Collected material -
────────────────────
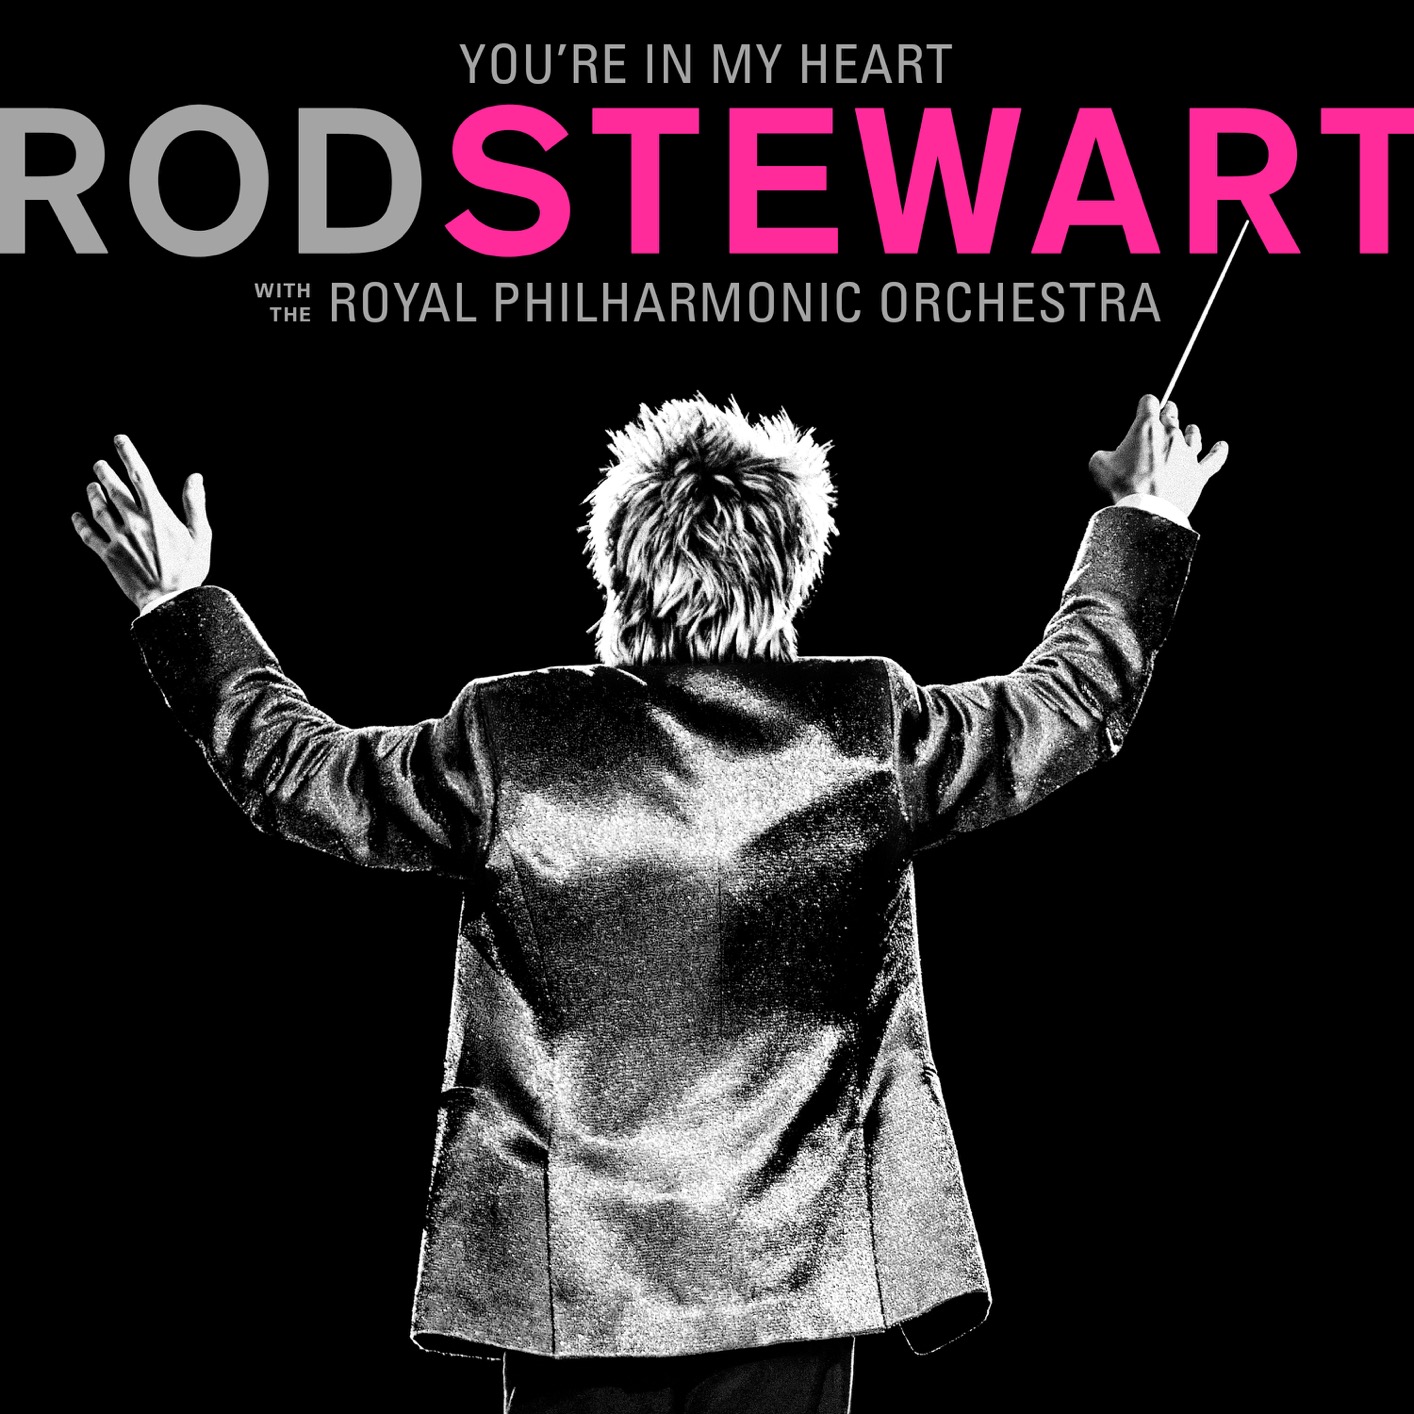 Rod Stewart - You’re In My Heart: Rod Stewart (with The Royal Philharmonic Orchestra) (2019) [FLAC 24bit/96kHz]
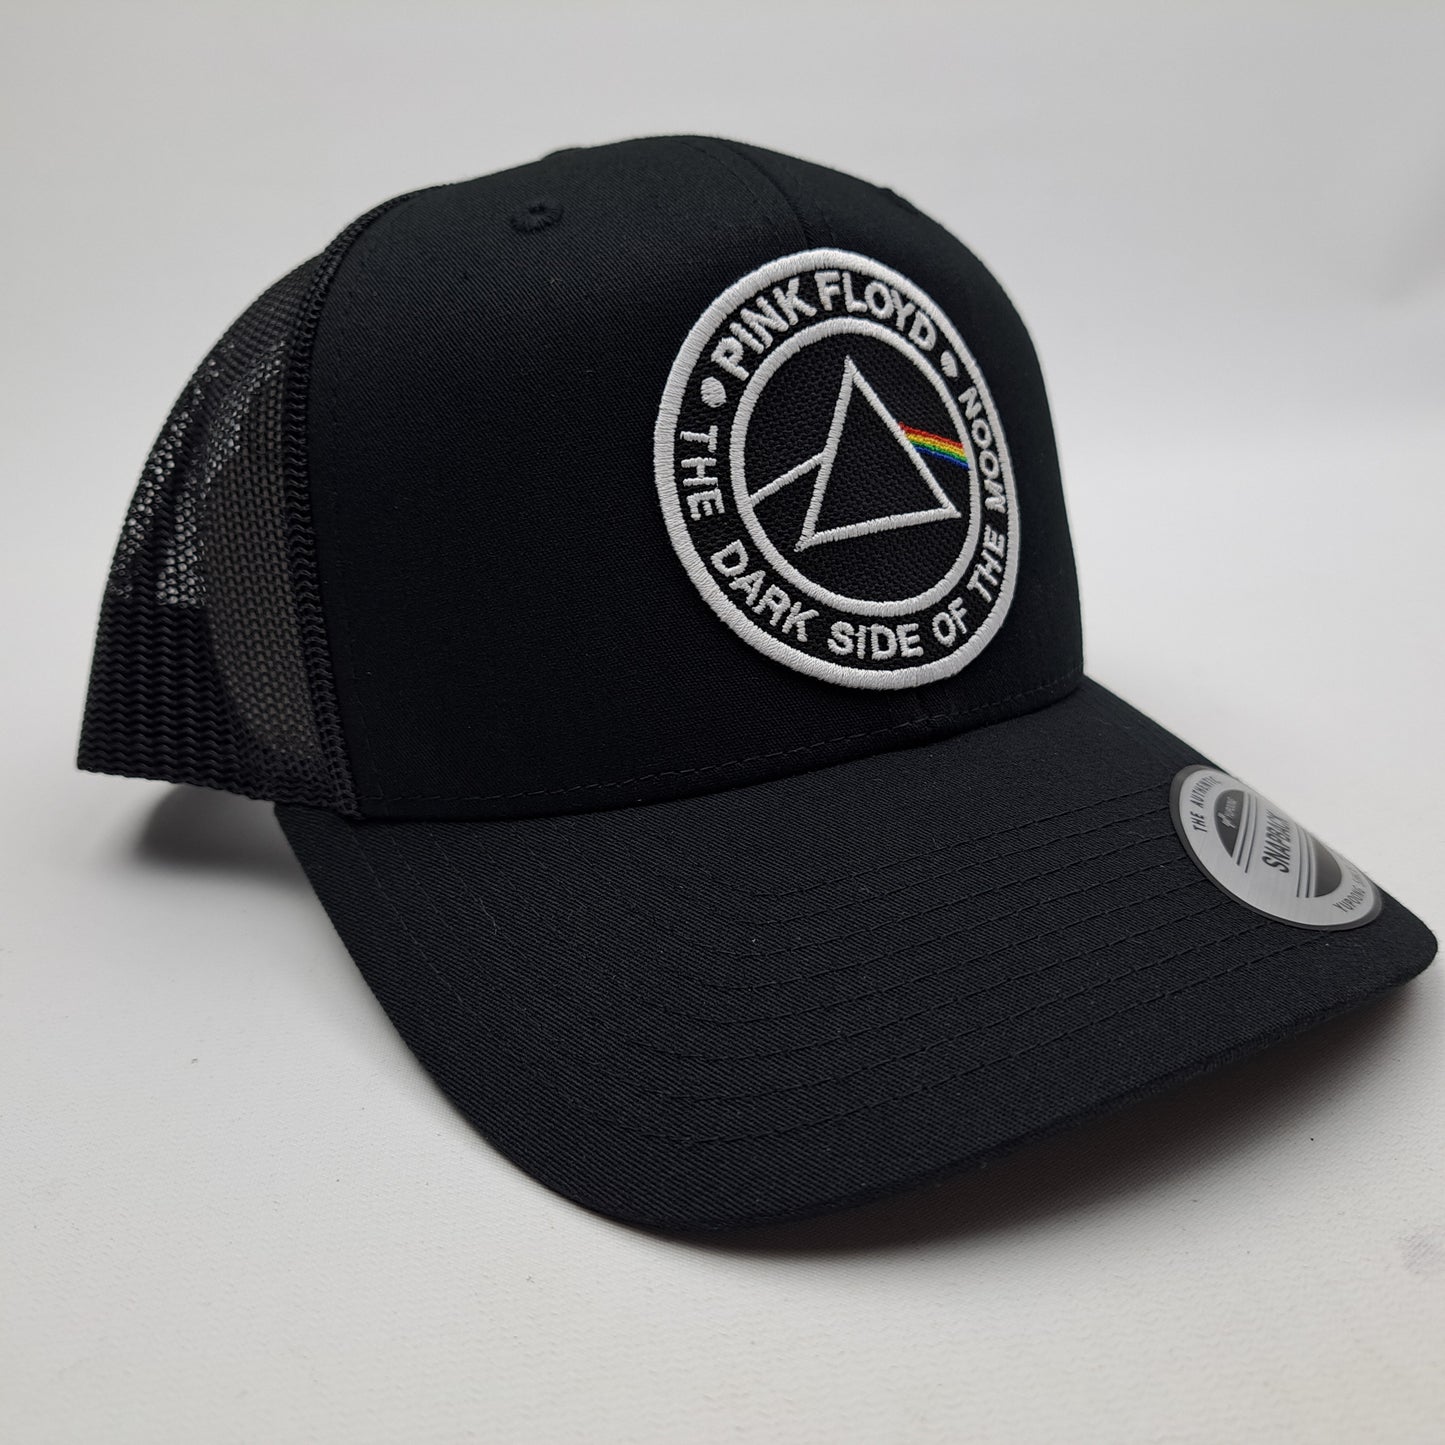 Pink Floyd Embroidered patch curved bill embroidered mesh snapback cap hat black
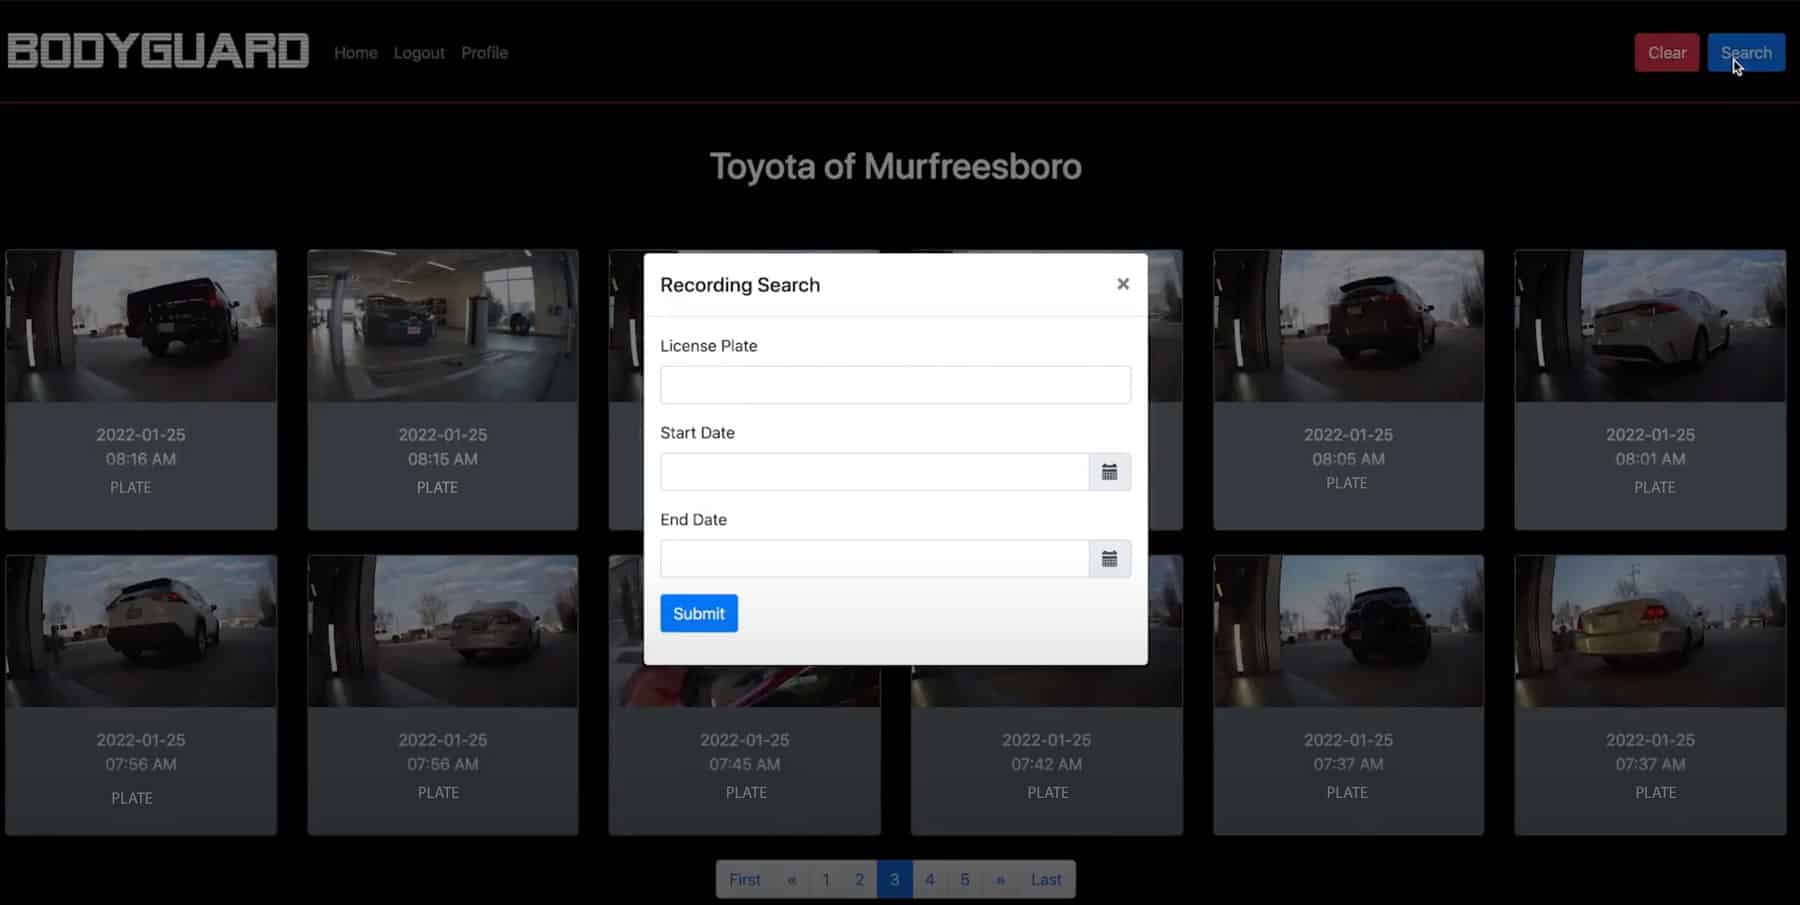 A desktop view of the Bodyguard interface shows the ability to search camera recordings by typing in license plate information and dates.
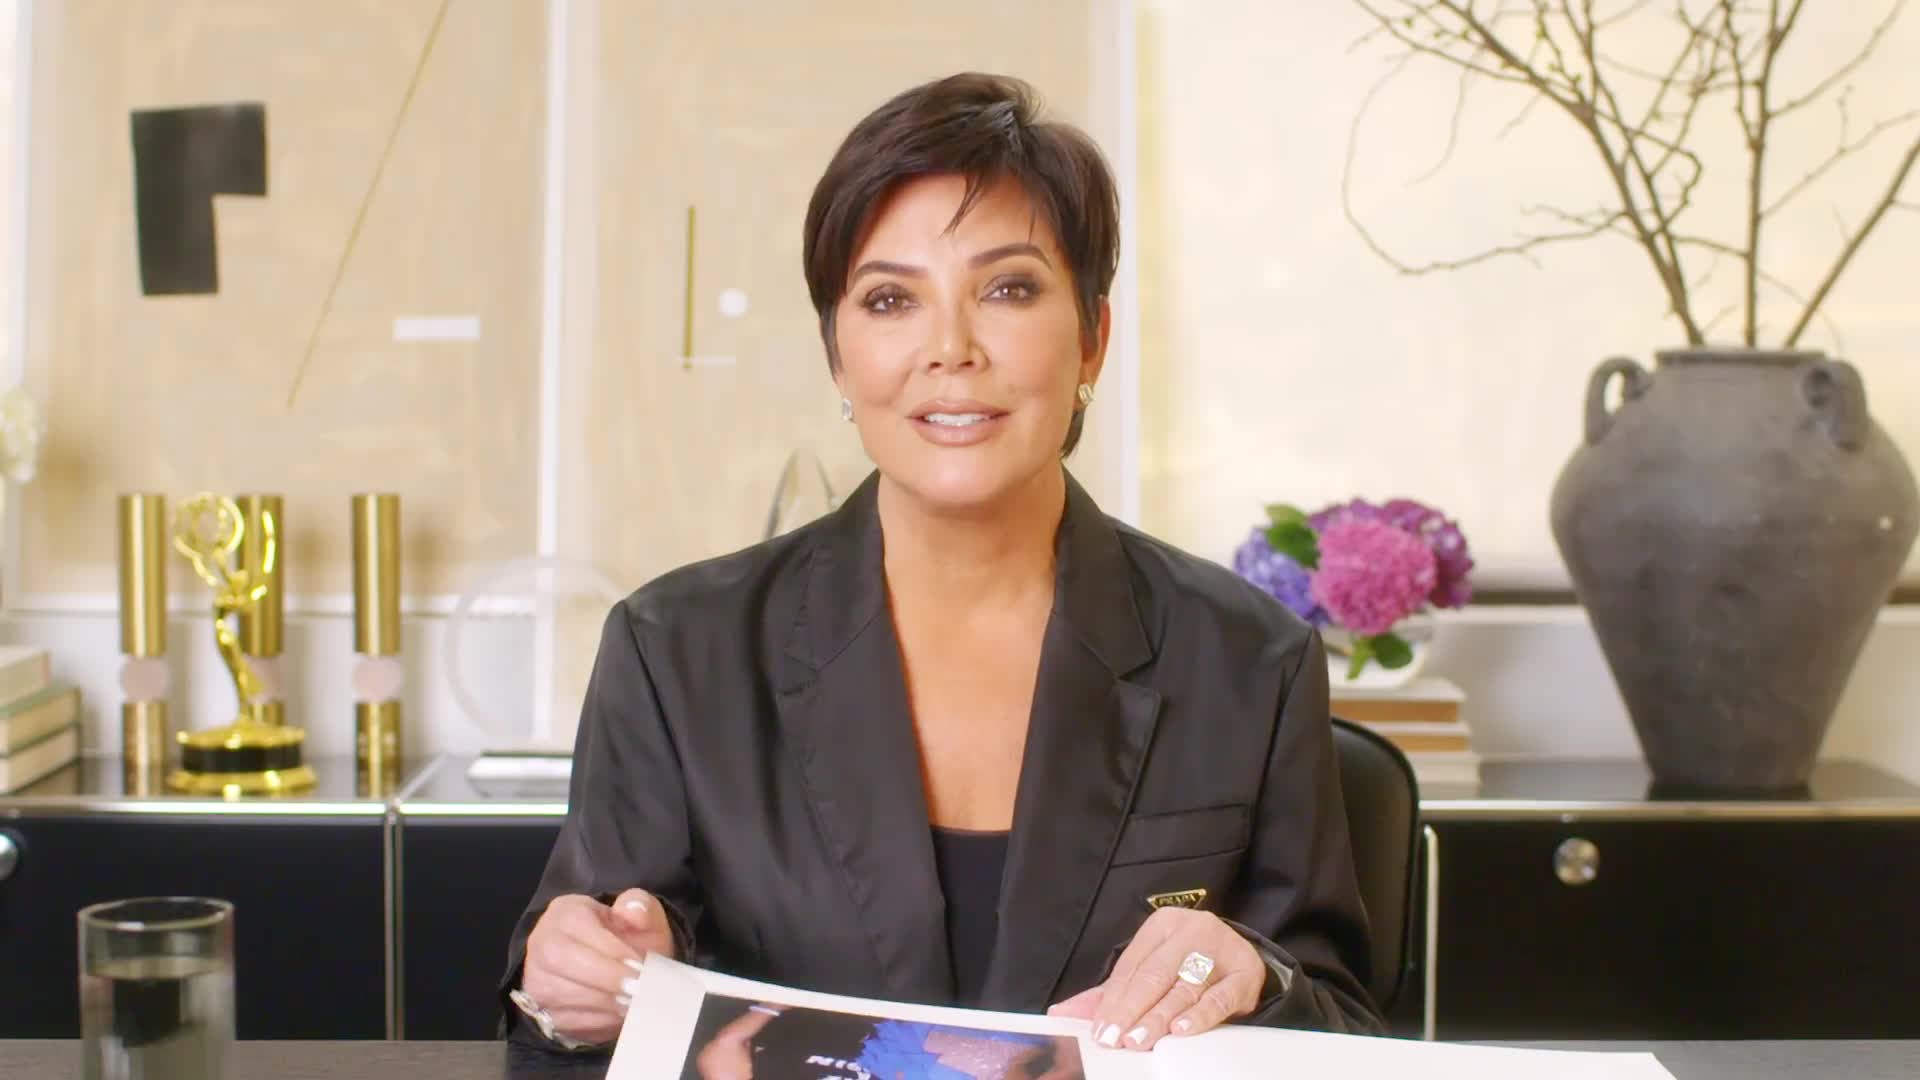 Watch Kris Jenner on Her Chanel Obsession and Which Daughter's Closet She  Raids the Most, Life in Looks
────────────────────
Your assignment -
Please print all the lines above exactly as given and leave out every picture.

Task answer -
 Rod Stewart - You’re In My Heart: Rod Stewart (with The Royal Philharmonic Orchestra) (2019) [FLAC 24bit/96kHz]
 Pink Floyd Embroidered patch curved bill embroidered mesh snapback cap hat black
 A desktop view of the Bodyguard interface shows the ability to search camera recordings by typing in license plate information and dates.
 Watch Kris Jenner on Her Chanel Obsession and Which Daughter's Closet She  Raids the Most, Life in Looks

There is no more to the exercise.